═══ Data

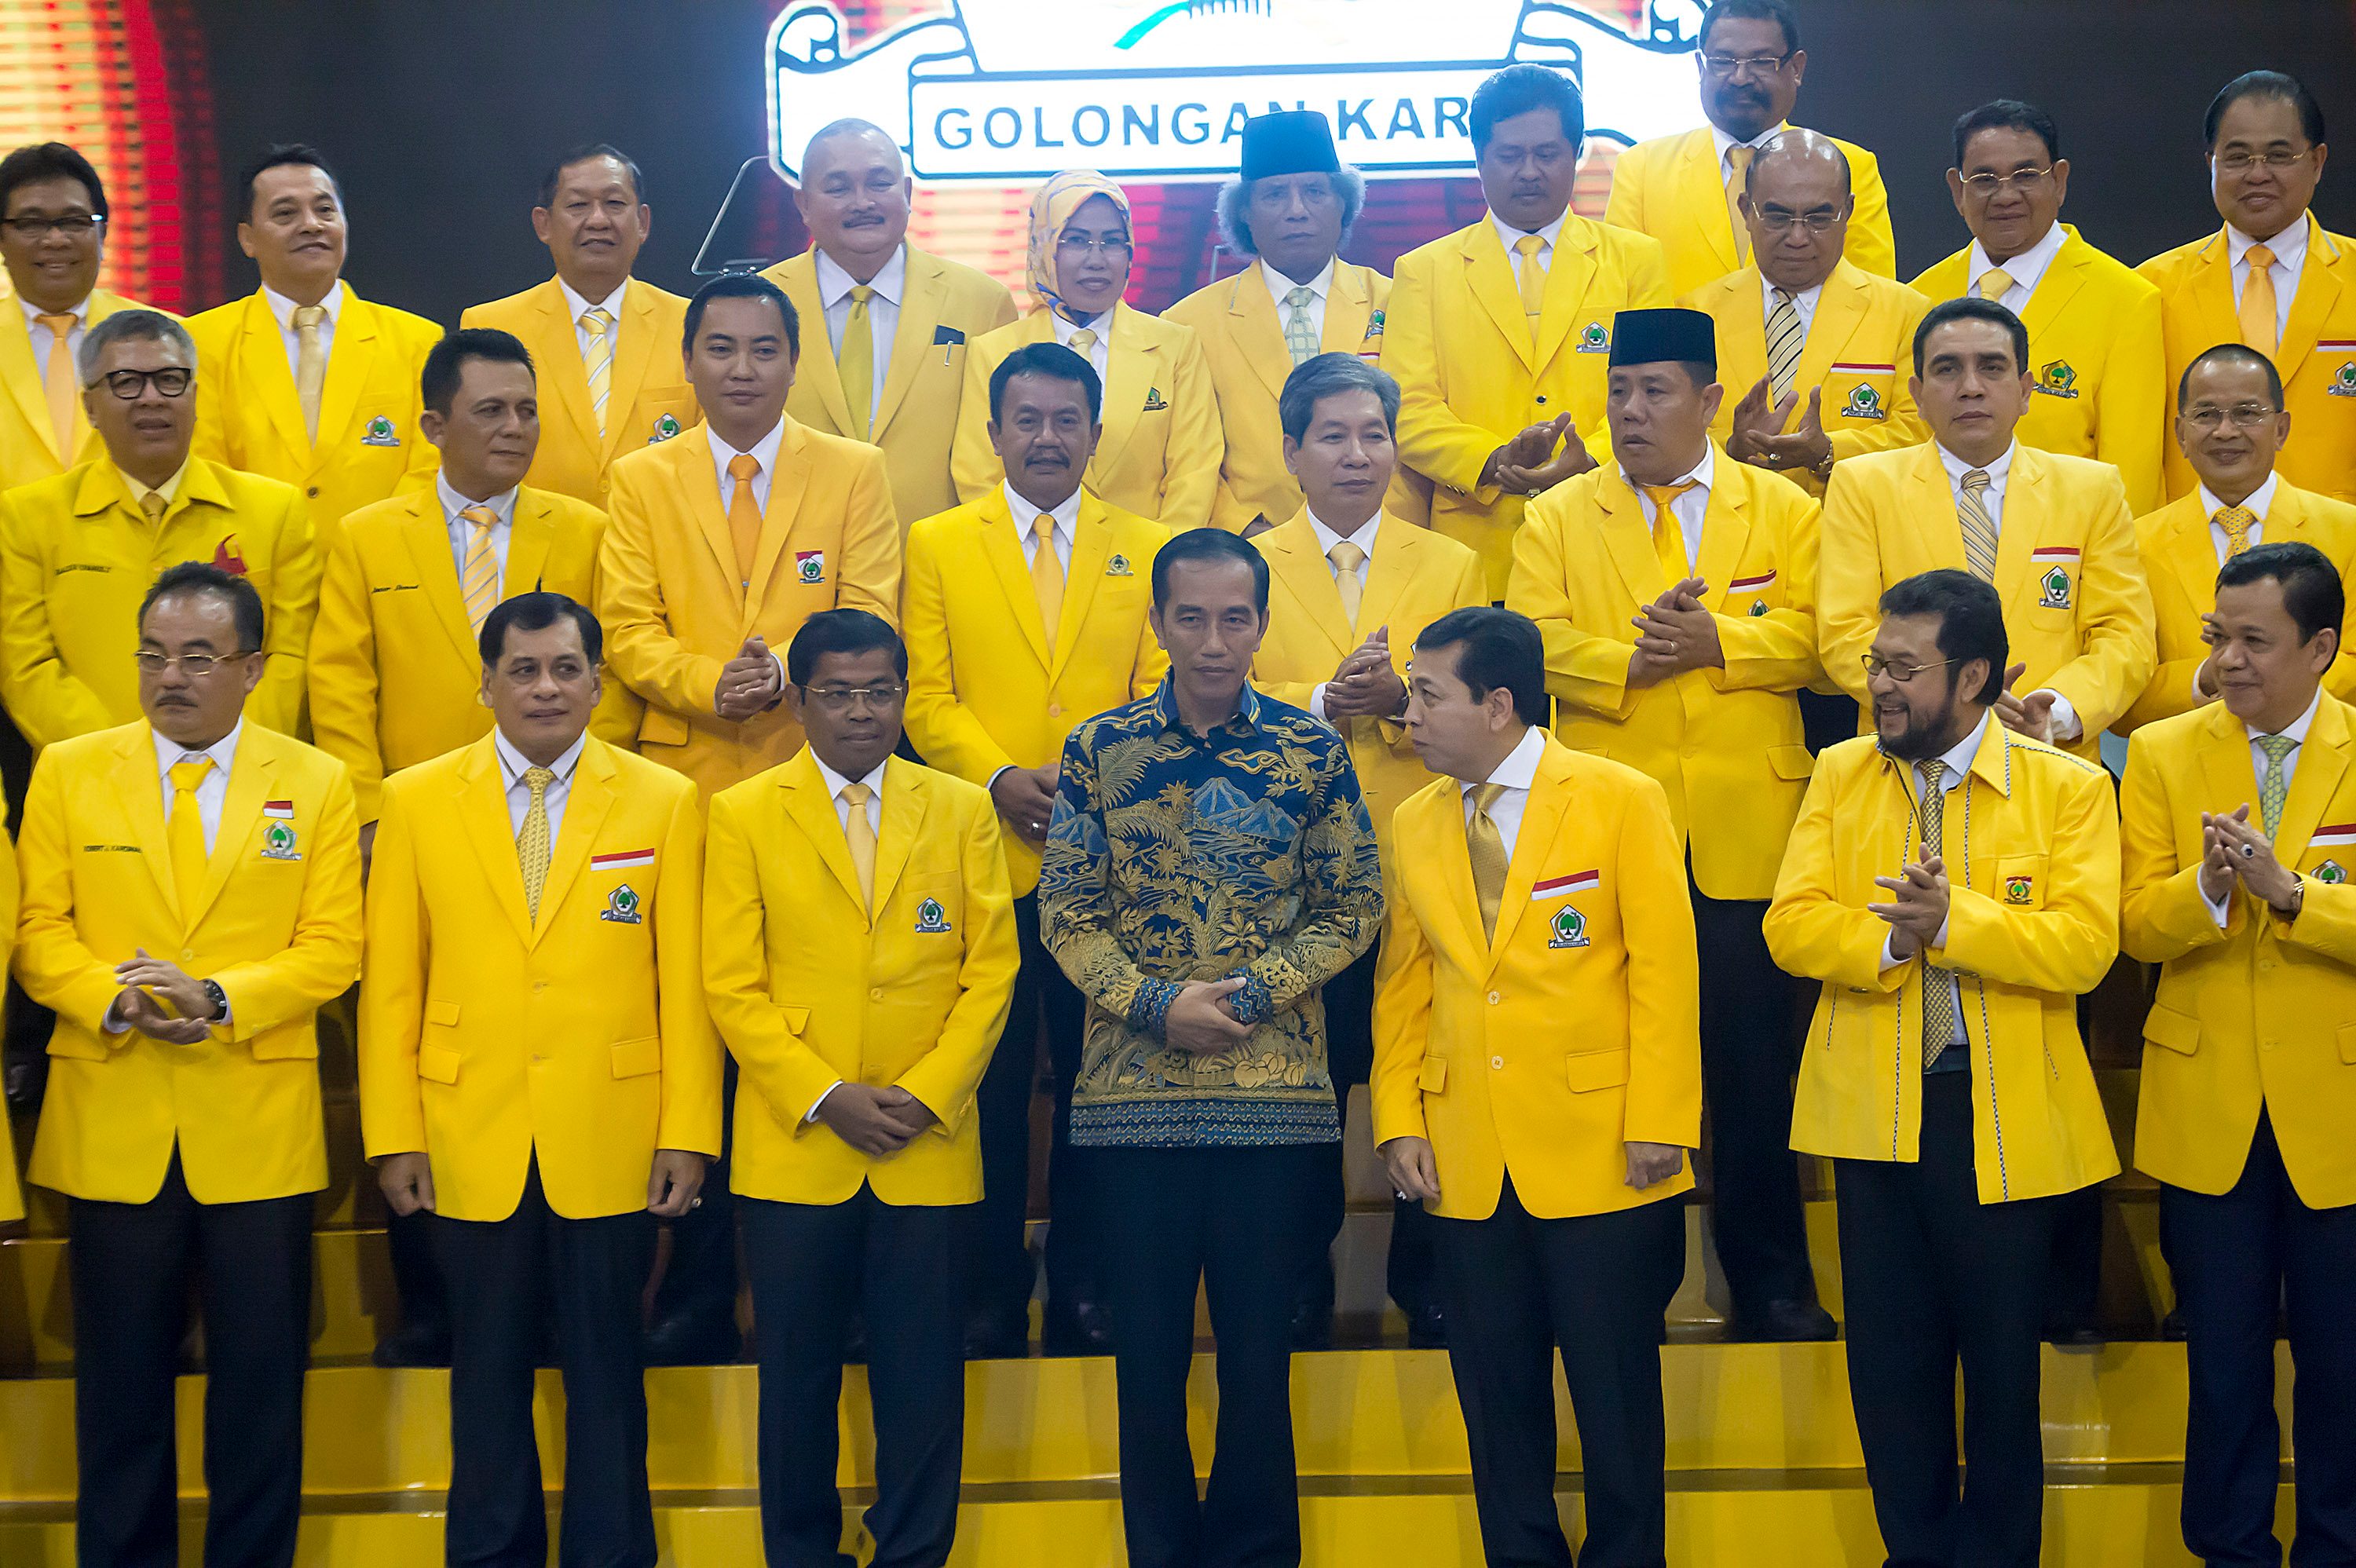 Presiden Jokowi berfoto bersama dengan jajaran pengurus Partai Golkar pada Penutupan Rapimnas I tahun 2016 di Istora Senayan, Jakarta, pada 28 Juli 2016. Foto oleh Widodo S. Jusuf/Antara 
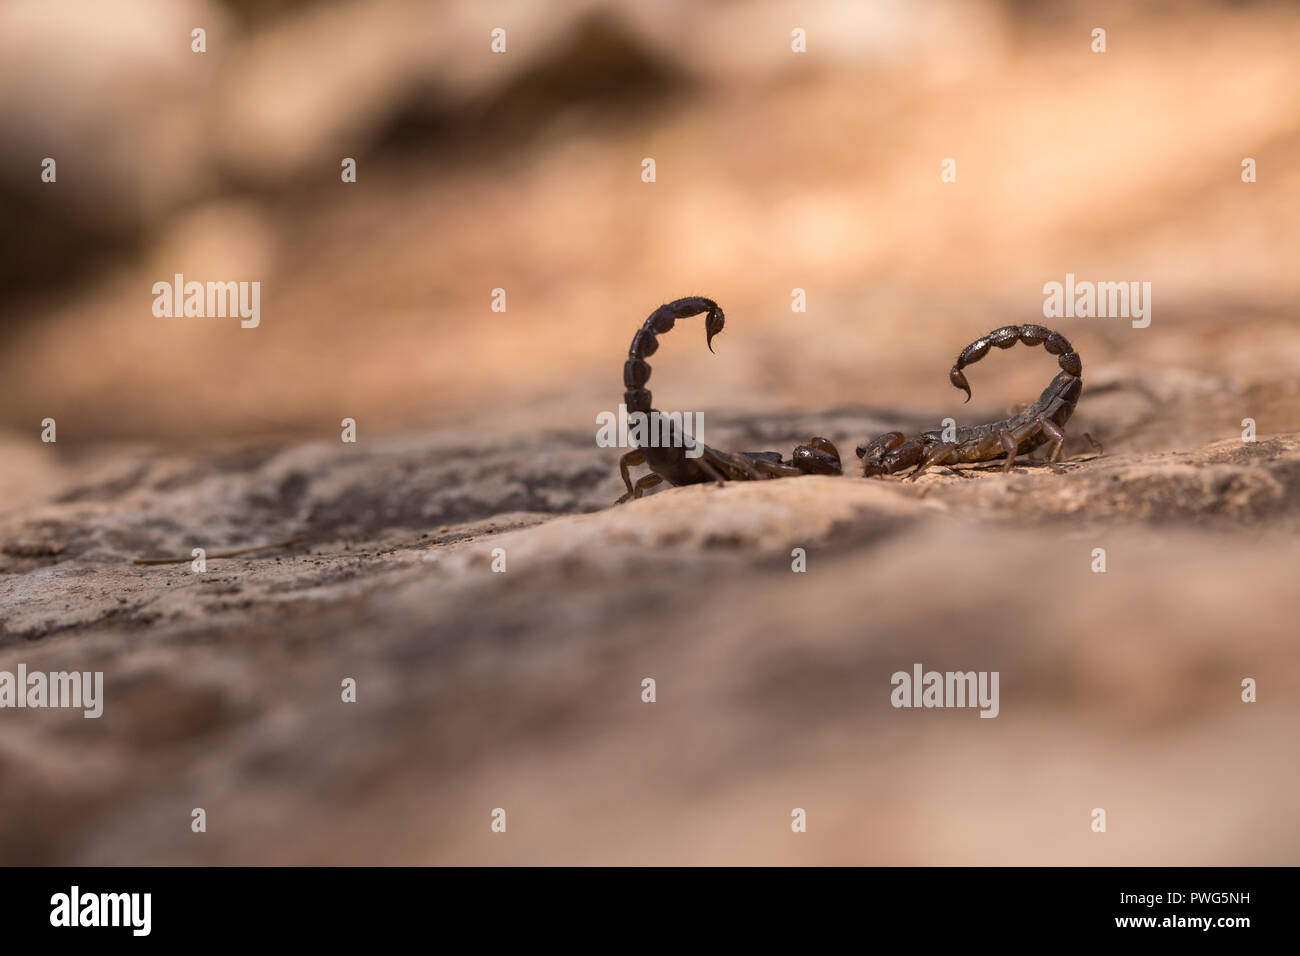 Scorpion noir israélien (Scorpio maurus fuscus) AKA Scorpion d'or israélien sur une dune de sable photographiés en Israël en août de l'été Banque D'Images
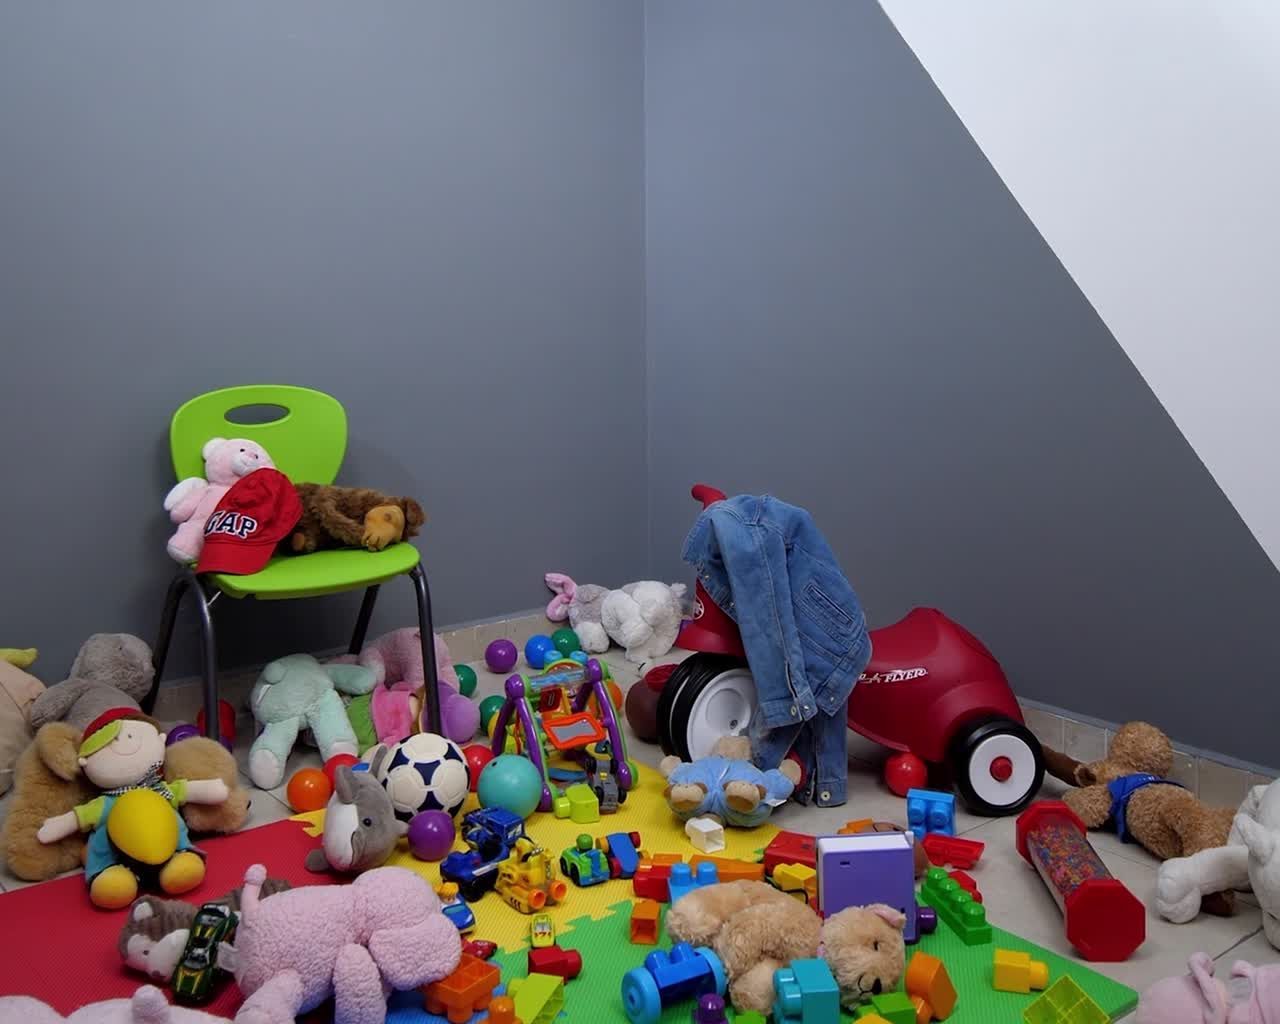 DIY Organiza y decora el cuarto de ni?os - DIY Organiza y decora el cuarto de ni?os -   diy Muebles infantiles

══════

→ **Assignment**
No image belongs in the copy. Transcribe the full listing verbatim.

→ **Output below**
 Presiden Jokowi berfoto bersama dengan jajaran pengurus Partai Golkar pada Penutupan Rapimnas I tahun 2016 di Istora Senayan, Jakarta, pada 28 Juli 2016. Foto oleh Widodo S. Jusuf/Antara 
 Scorpion noir israélien (Scorpio maurus fuscus) AKA Scorpion d'or israélien sur une dune de sable photographiés en Israël en août de l'été Banque D'Images
 DIY Organiza y decora el cuarto de ni?os - DIY Organiza y decora el cuarto de ni?os -   diy Muebles infantiles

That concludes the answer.